I walked around the water lily pond, in the middle of which was placed one of Moenia’s rather atypical statues, that of Amphetrite, the goddess of water. She was kneeling in the water, holding a water lily with both hands and the scales on her waist, legs and arms made her look like a mermaid.
I stopped abruptly.
There was another gravestone, as small and unremarkable as Alice’s.
My skin began to prickle as I read the name.
Alaister Westcode.
“We haven’t found her record in Alarik’s student files yet. What if he killed her?” I heard Larissa say behind me.
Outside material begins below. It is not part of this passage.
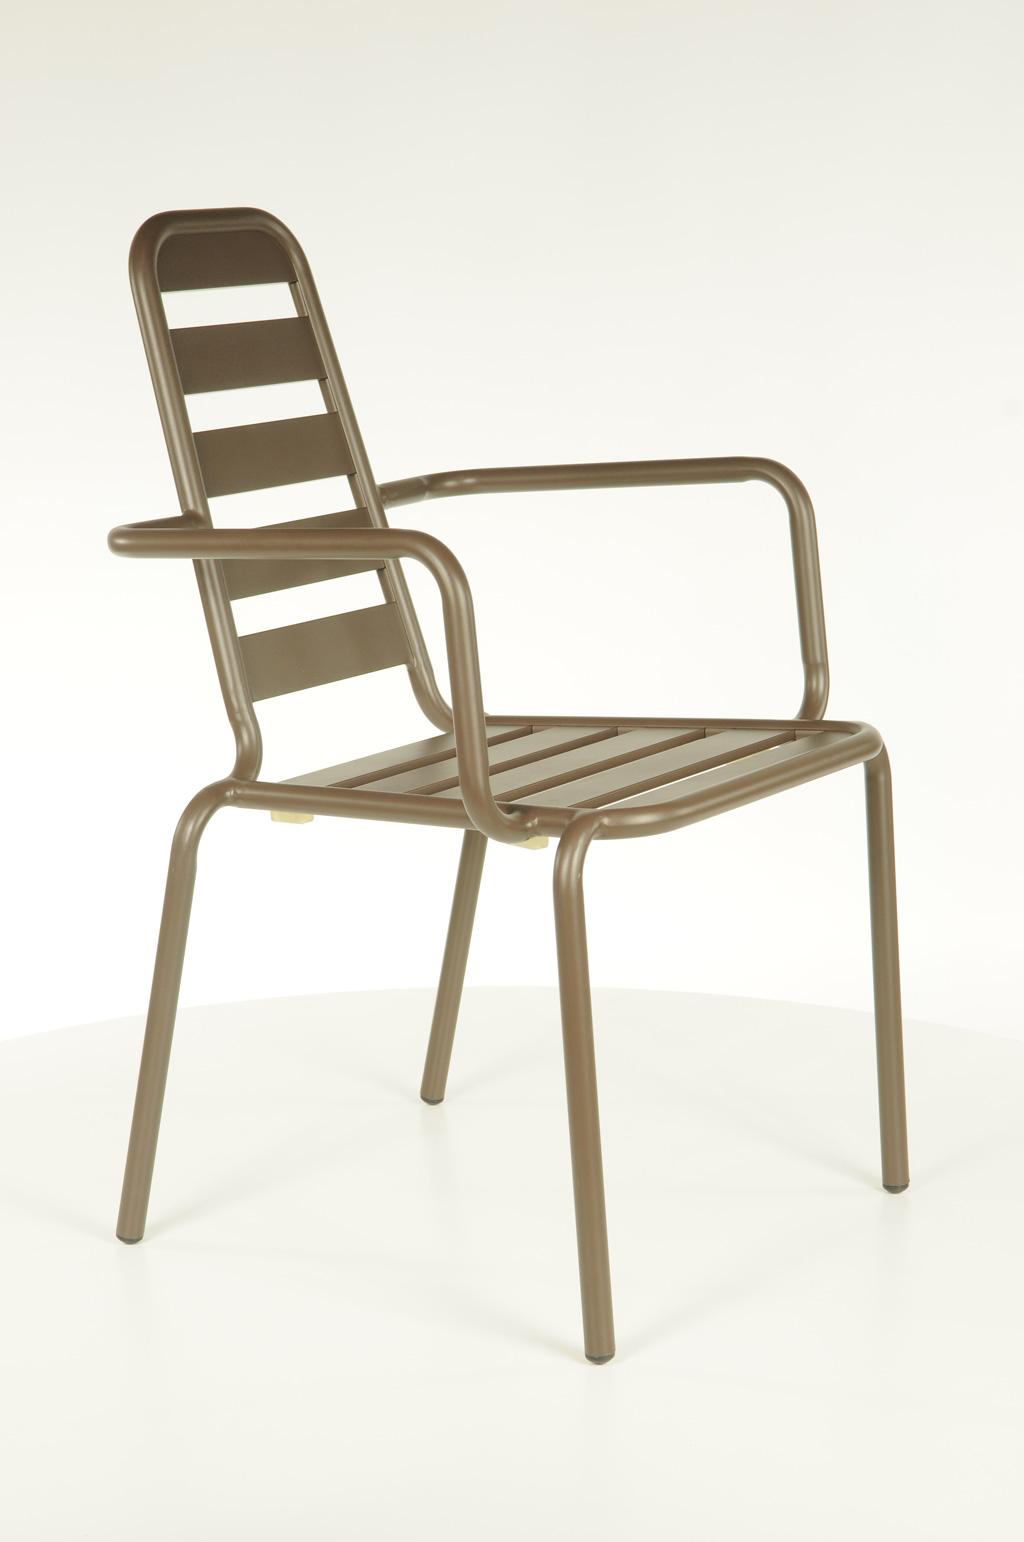 fauteuil menu rouille oceo sun mobilier. Black Bedroom Furniture Sets. Home Design Ideas
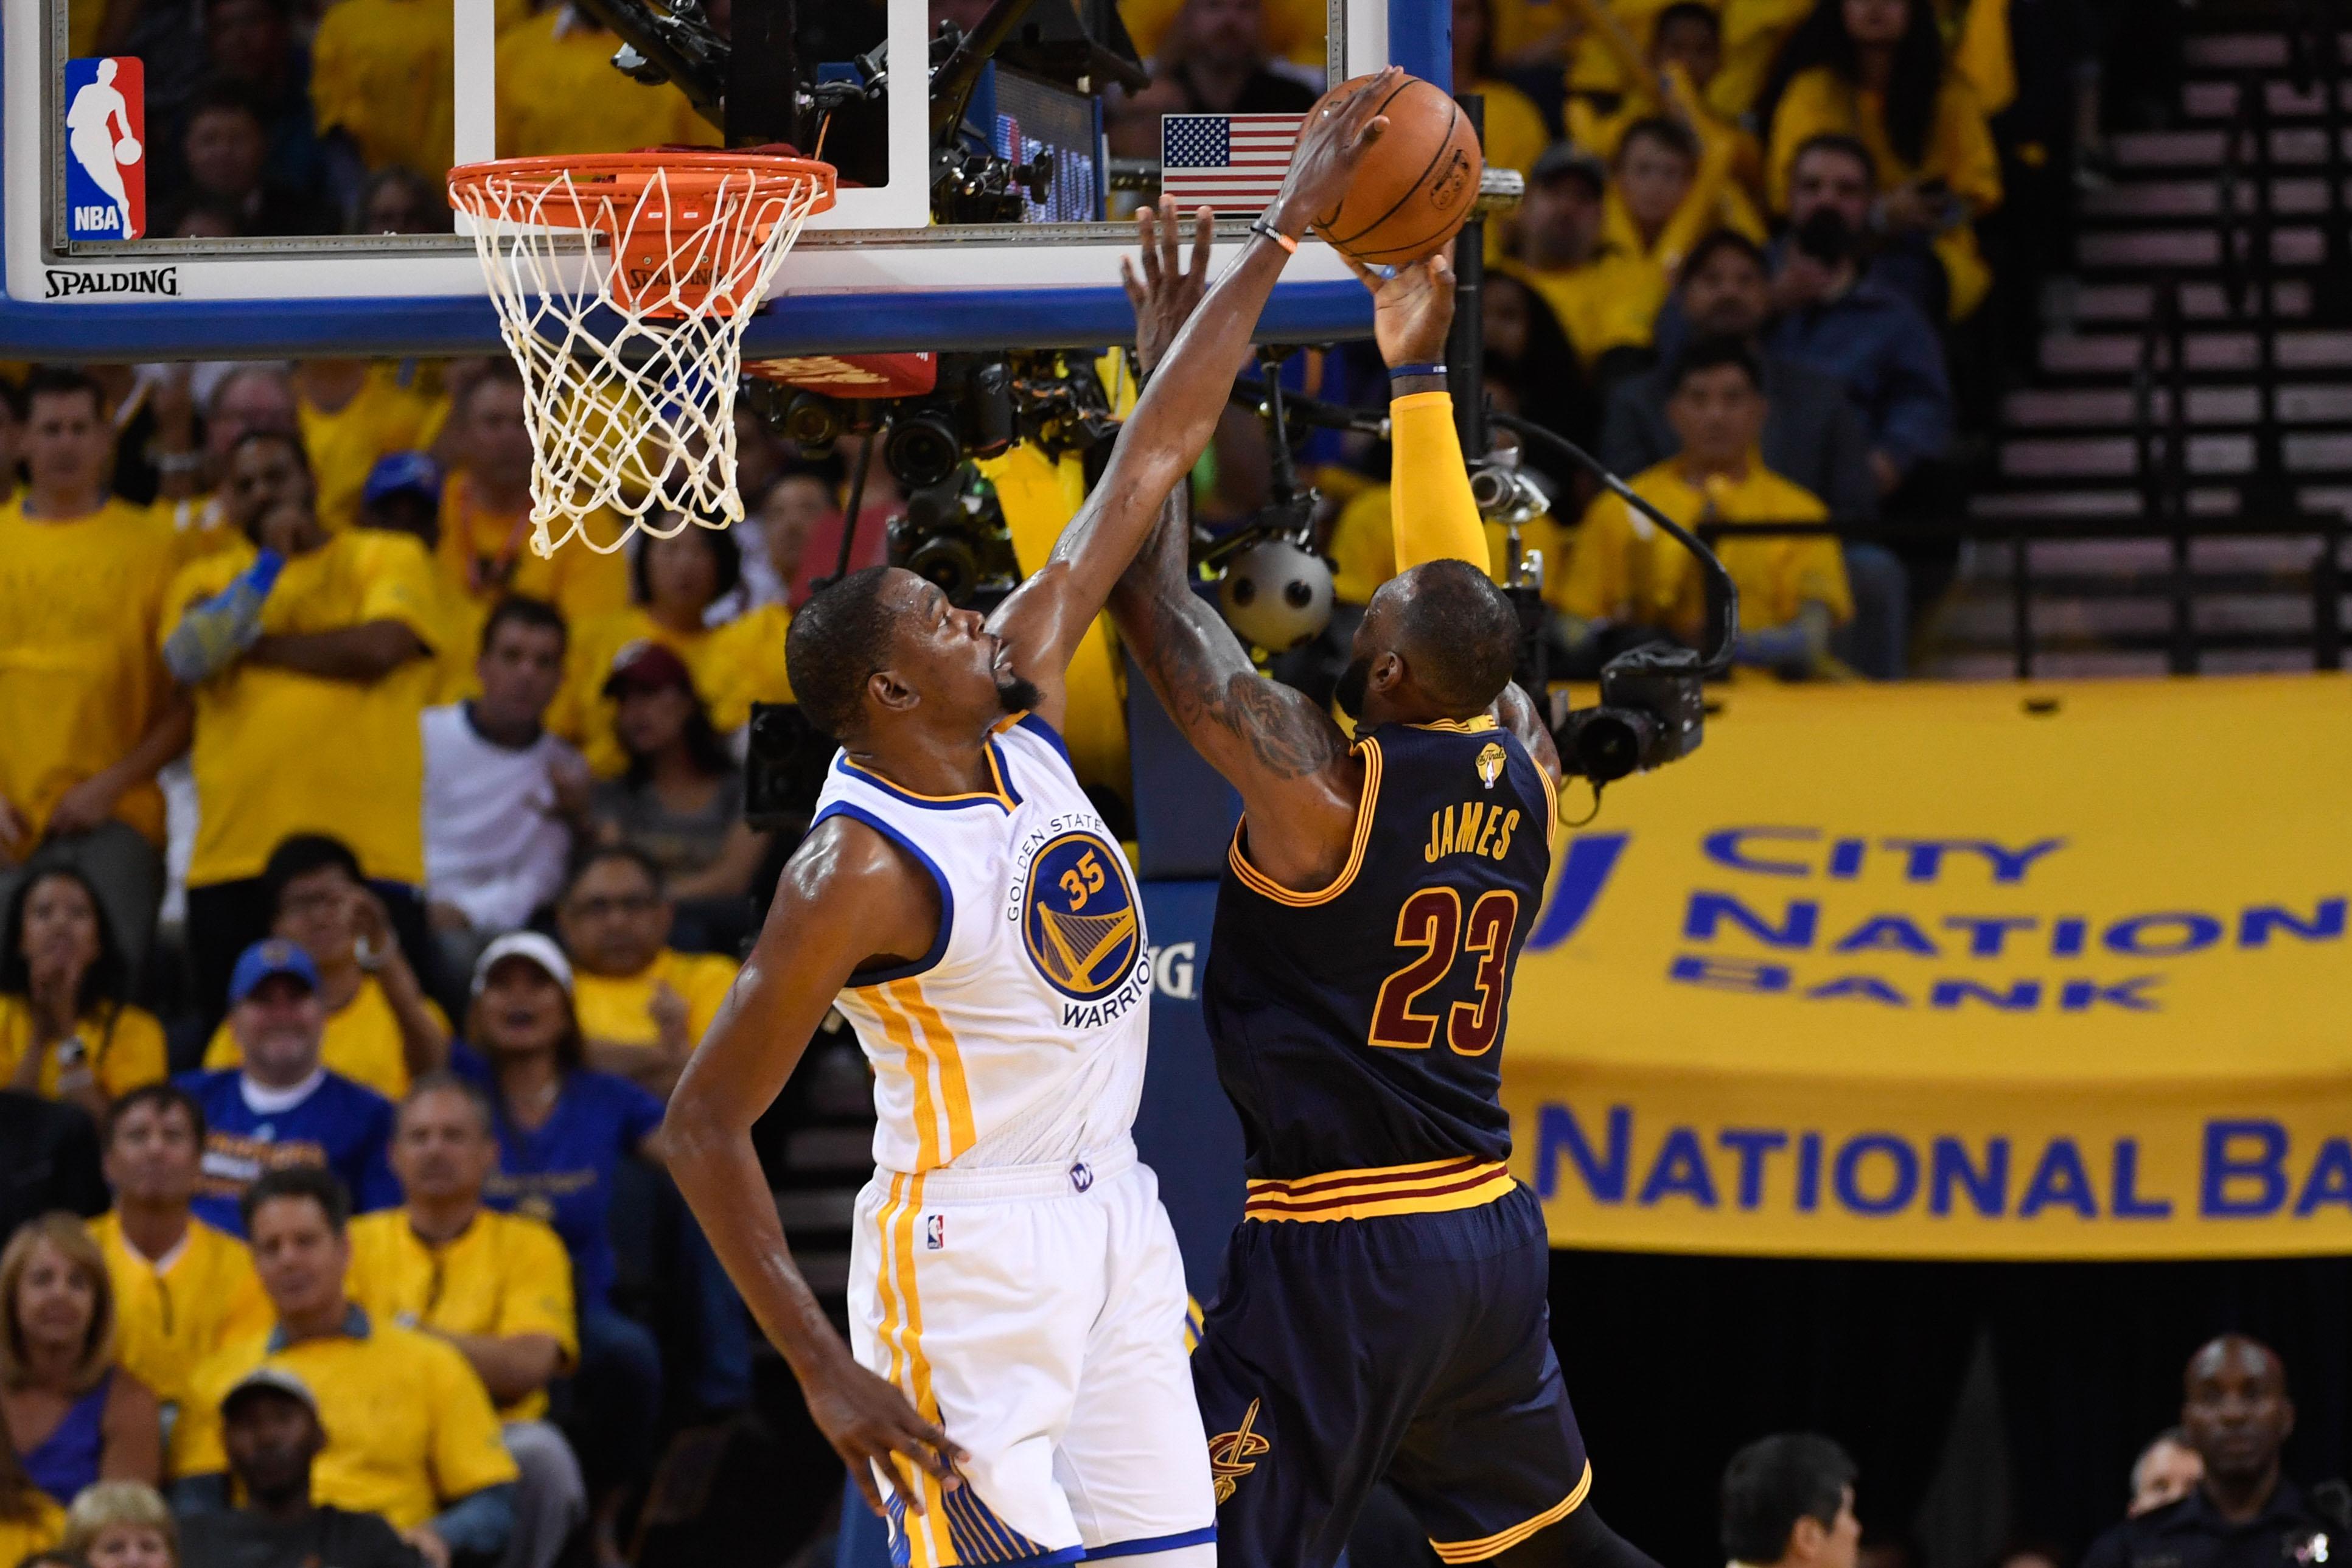 LeBron James' NBA Finals deja vu: Game 2 means everything now

“That thought gives me the creeps,” Bayla said.
“Alarik isn’t like that,” Julian finally said.
“Julie, what if... Julie? ”
I couldn’t turn to the others, only stare at the single stone square on top of his gravestone. He had been a Water Quatura?
But something else made me stare in alarm at my father’s gravestone, who had indeed died.
Larissa was the first to notice where I was standing. “Oh no. She found him.”
I noticed everyone slowly gathering behind me, and then I felt Bayla’s hand on my shoulder.
“I’m sorry.”
But even that I was only distantly aware of until someone else finally confirmed that this wasn’t a bad dream.
Miles’ serious voice reached my ear. “The date of his death is the second of November 1998.”